Hoje é mesmo dia do quê?

A pergunta, claro, não é a sério. E isso não porque não se trate de um assunto relevante, daqueles que merecem, queiramos ou não, tiremos ou não disso algum prazer, entrar na nossa memória, às vezes sendo necessário que tenhamos de apagar algo ali já com seu lugar garantido, mesmo que não haja garantias de que venhamos a disso precisar, para assim abrir espaço pra a necessidade da vez, num comércio inconsciente, embora, nessa troca, aproveitemos, sempre inconscientemente, para riscar da memória o que ali entrou por obrigação, sem que tivéssemos a opção de o deixarmos para lá: e ainda que se saiba que o inconsciente é uma caixa de pancada em que descarregamos a responsabilidade por atos (conscientes) que não podemos ou não “desejamos” (palavra tão cara ao inconsciente) assumir, respondendo por suas consequências, neste caso não se pode falar do consciente, já que o ato voluntário de tirar alguma coisa da memória, como se usássemos, com imperícia, uma borracha inapropriada que, ao tentar esconder, acaba por realçar, nem que seja por uma evidente ausência, resulta, frequentemente, num reforço a mais para se lembrar.

Se aquela pergunta tivesse sido feita e levada a sério, eis a resposta (e como gostaria de, aqui, inventar um esquecimento providencial para alongar as linhas, criando algum mistério, mas, “curto” como sou por natureza, já alongo mesmo sem o perceber, e quanto ao mistério, ao propô-lo, com sorrisos entre nervosos e ansiosos, já dou pistas de sua solução): hoje é dia da...lembrança.
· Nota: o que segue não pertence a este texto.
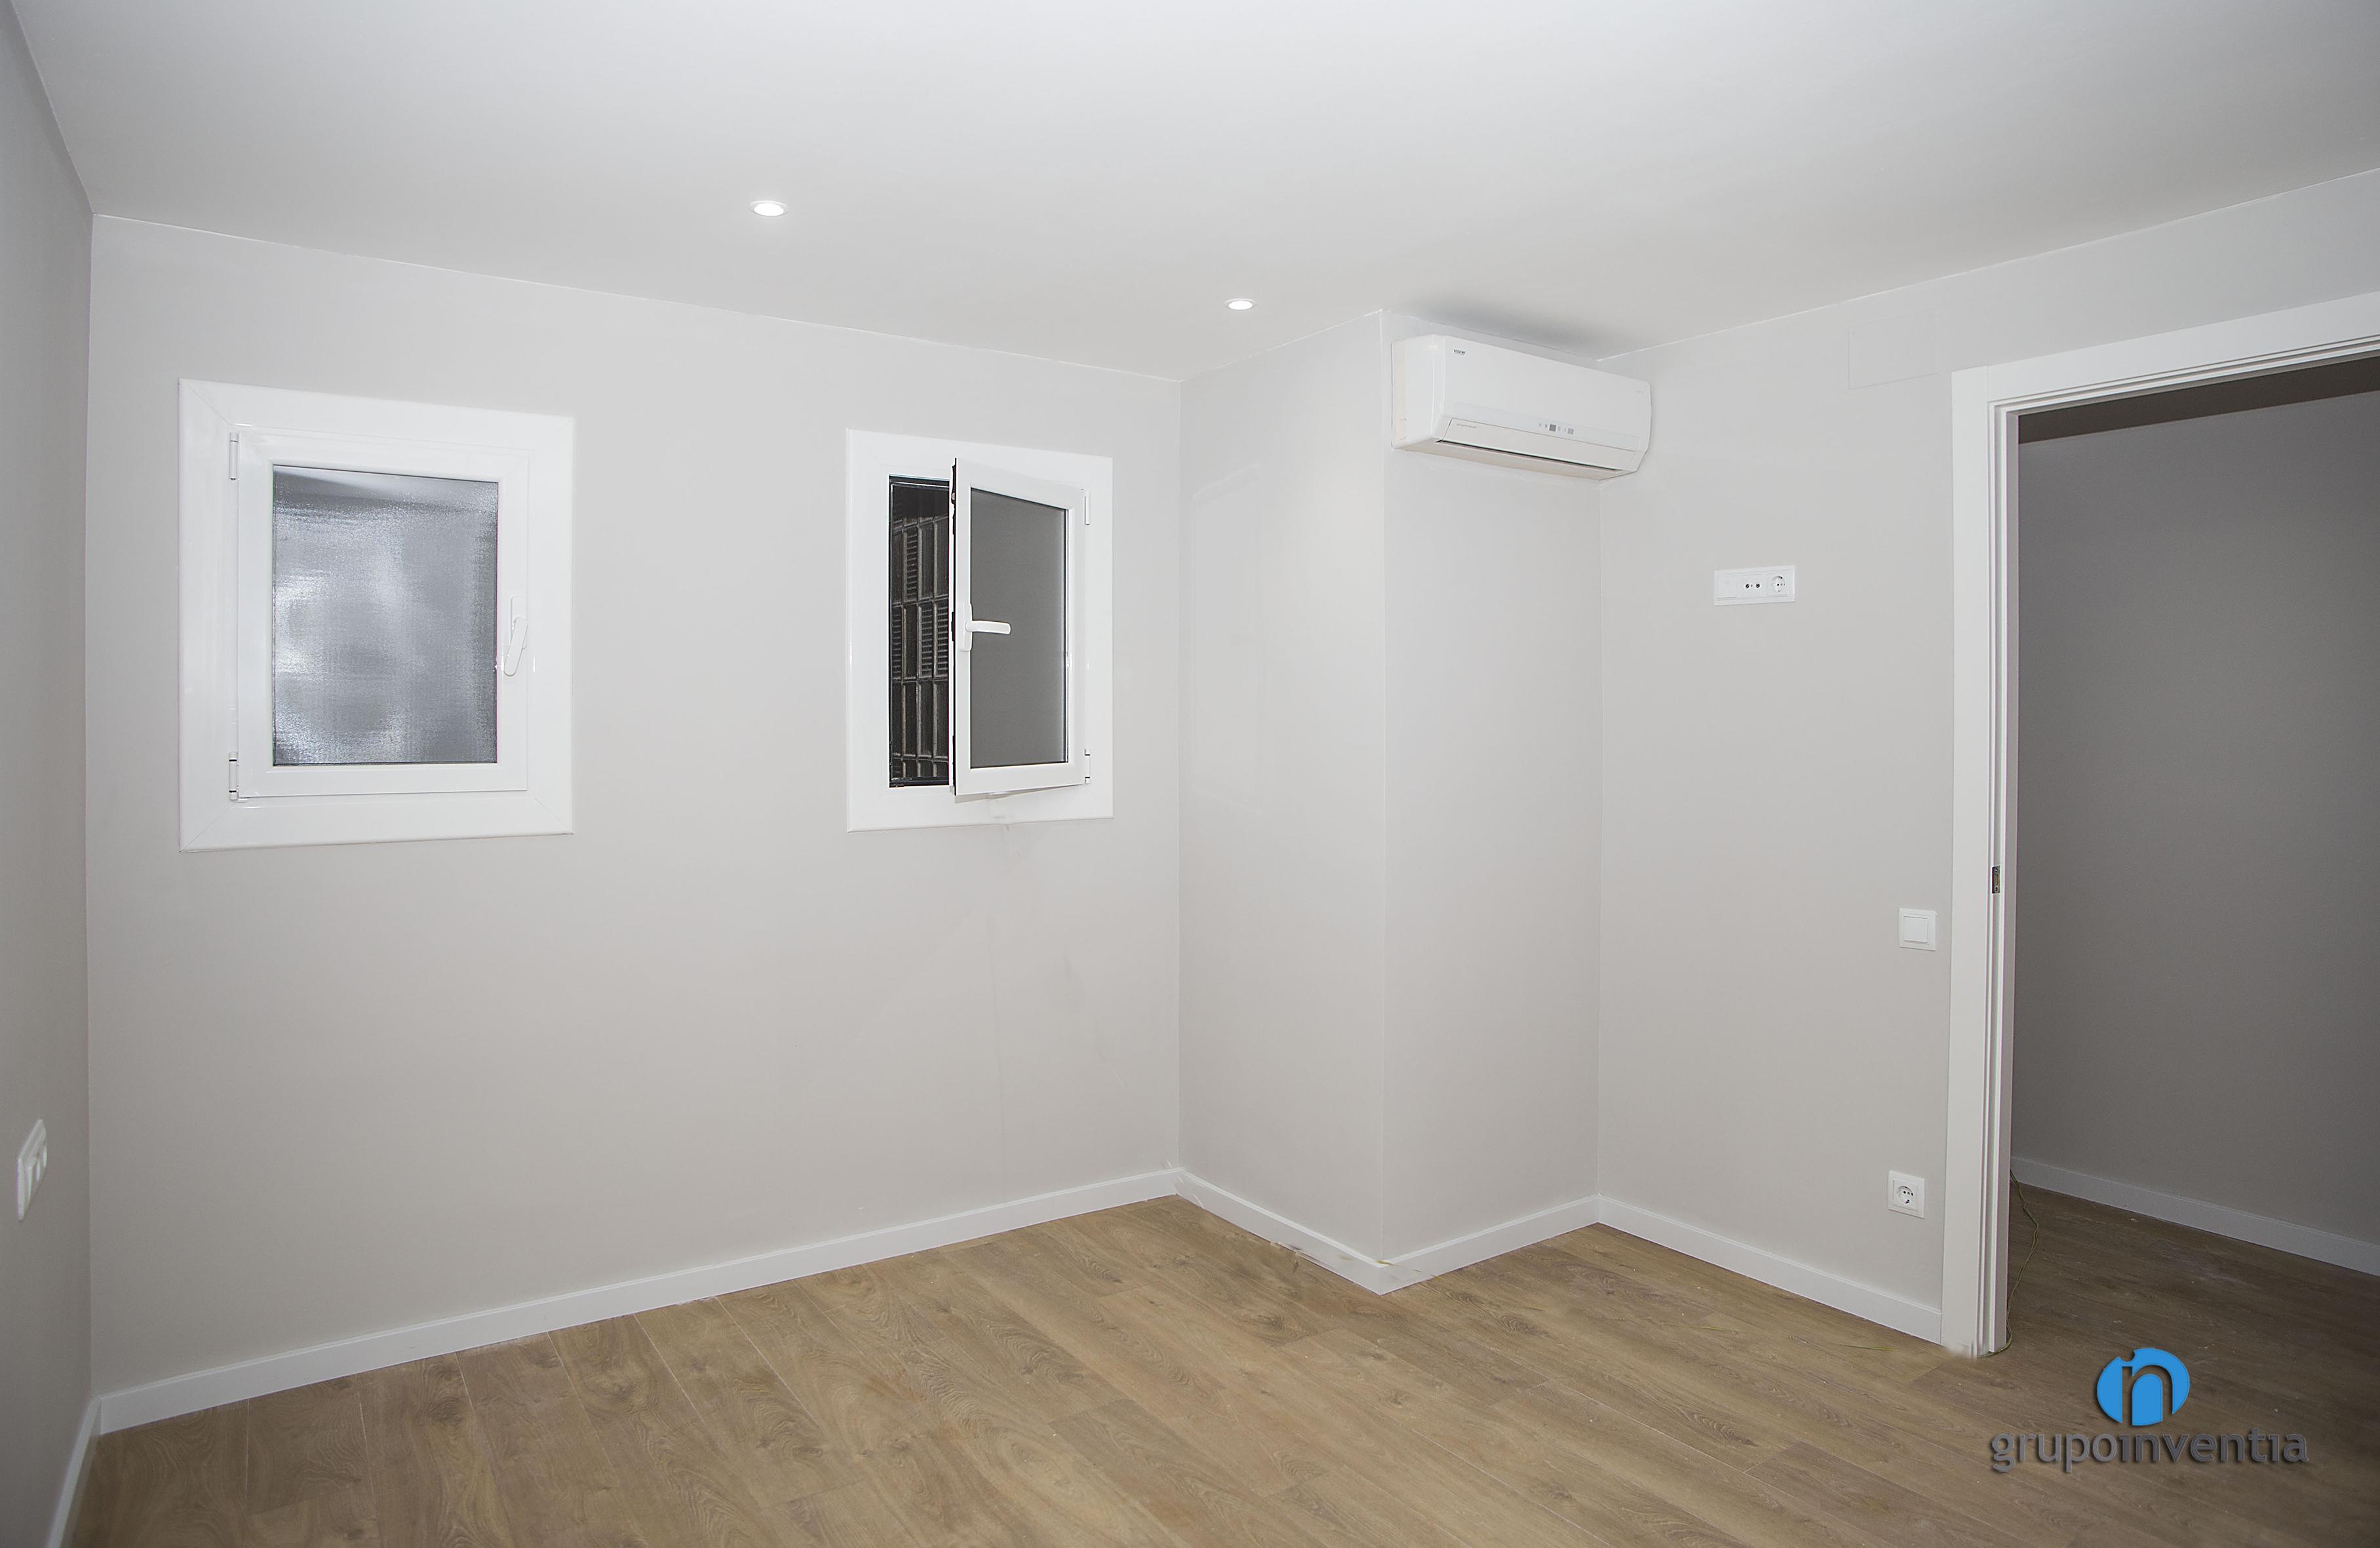 Dormitorio pintado en suave tono de gris catselldefels for Dormitorios pintados en gris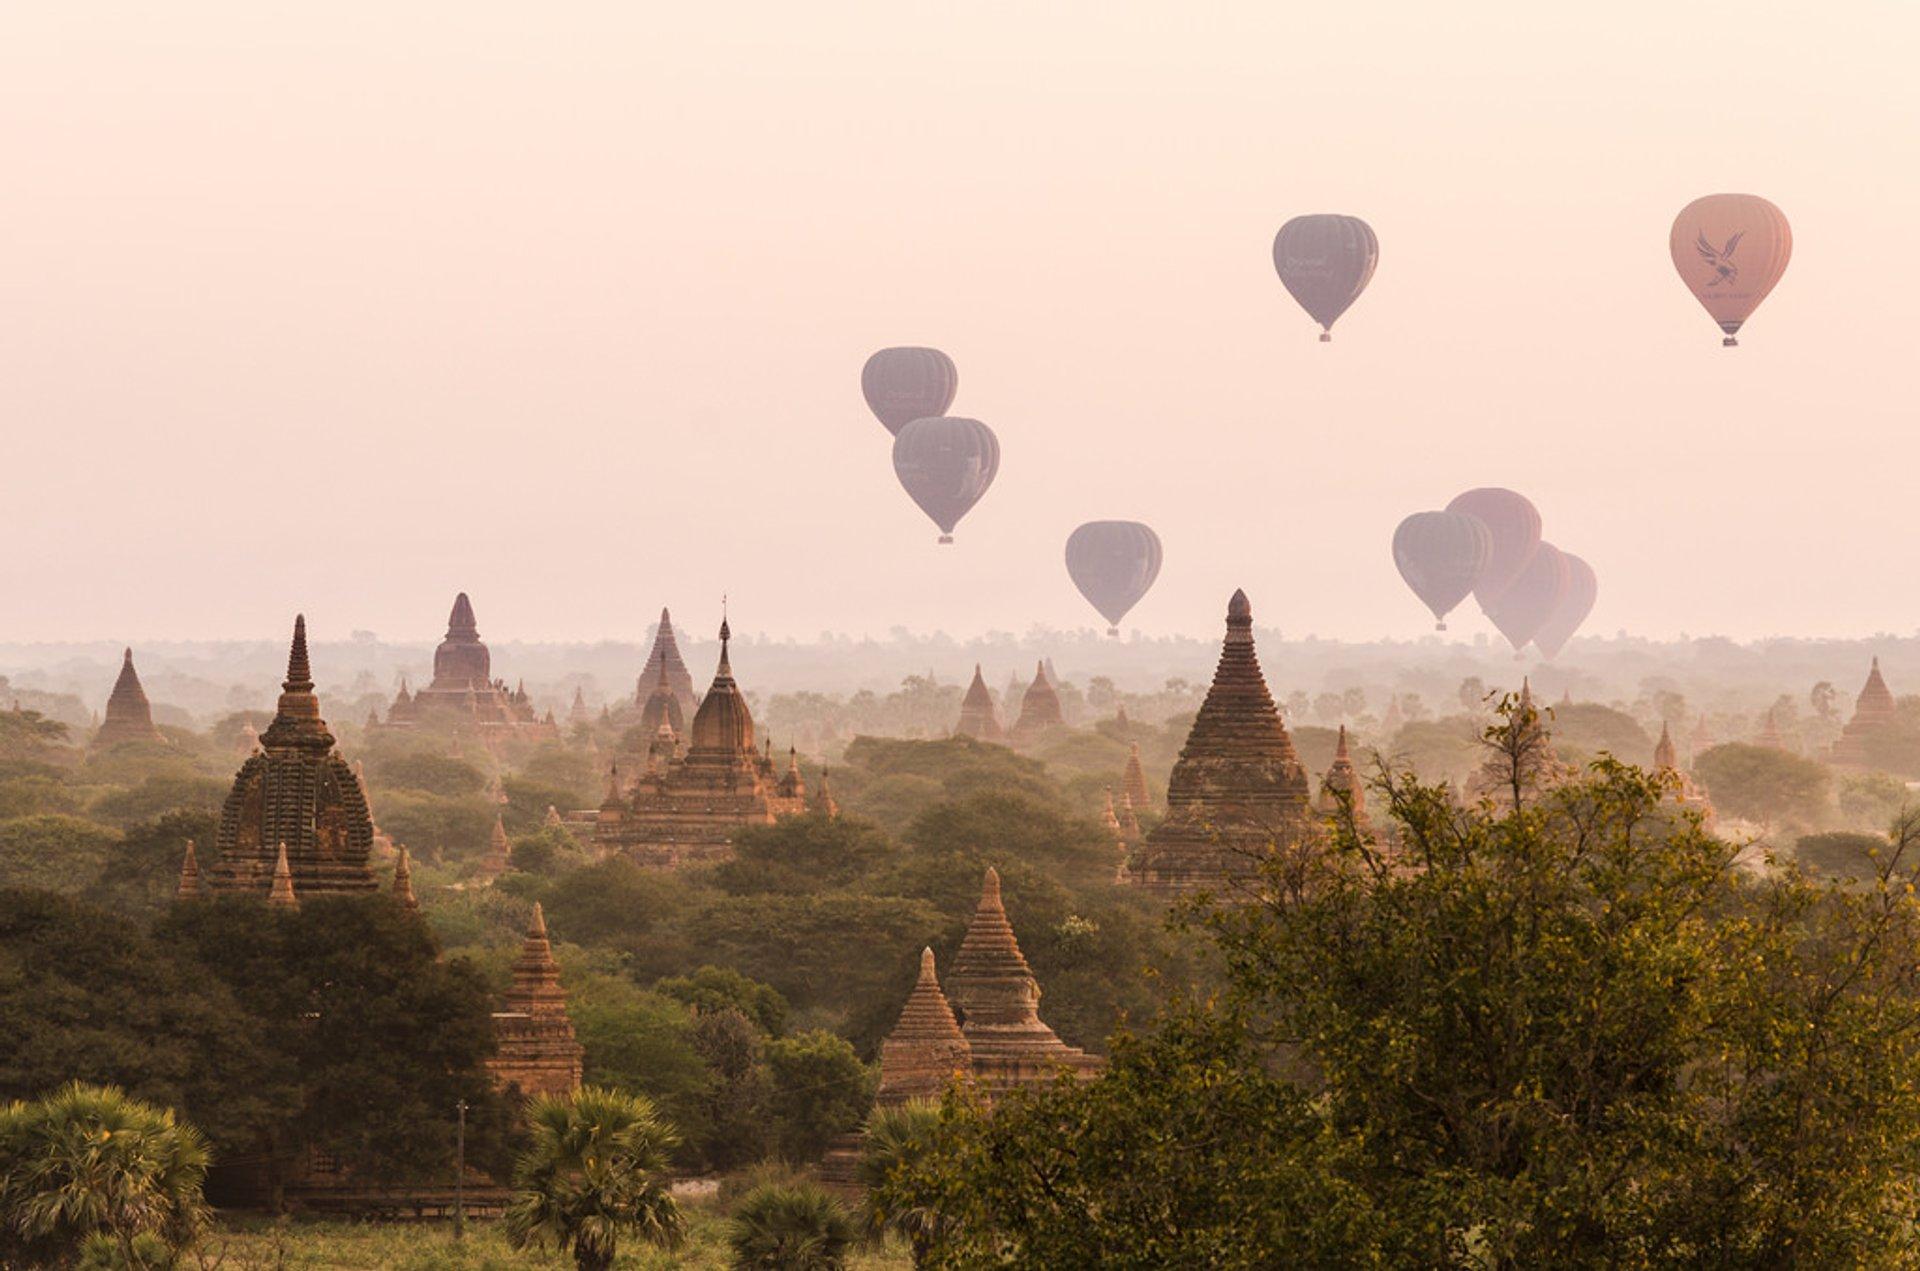 Air Ballooning over Bagan in Myanmar - Best Season

Um dia – termo que tão bem se ajusta à lembrança, especialmente quando, como se um vento lhe batesse, cariciosamente, jogando-o para trás, isso é já uma recordação pretérita, não raro preterida em favor de outros (novos) dias, na crença de que “este”, sim, será inesquecível, vindo, no entanto, a cair no mesmo limbo em que todos os dias caem –, a lembrança foi algo que se dava gratuitamente, fazendo parte, inclusive, de uma cortesia provinciana que a urbanidade solapou, seja pela pressa, mesmo para se dizer tão poucas palavras, seja porque, contaminados pela cultura da vida custosa, nos soe um desperdício mandar, tão graciosamente assim, lembranças.

Hoje – um dia com o qual não nos importamos tanto, mesmo que repitamos que só ele existe, que só temos ele para viver (hoje), até ao menos que se torne um ontem -, a lembrança, como “memória”, é até caso de polícia, de investigação minuciosa sobre nossos atos, perseguindo nossos rastros virtuais, alguns realizados com inconsciência calculada (para usarmos isso, futuramente, a nosso favor), outros com a espontaneidade de quem, como um herói que se lança em água tumultuosas quando sequer está em perigo na terra firme, salva o que lhe surge pela frente. Hoje também se tornou questão de saúde, quando a lembrança de hoje parece mais distante do que a daqueles dias em que se enviava, de boca a boca, lembranças, num beijo omitido, talvez inconscientemente presente: de-mente, afinal, são todas as lembranças.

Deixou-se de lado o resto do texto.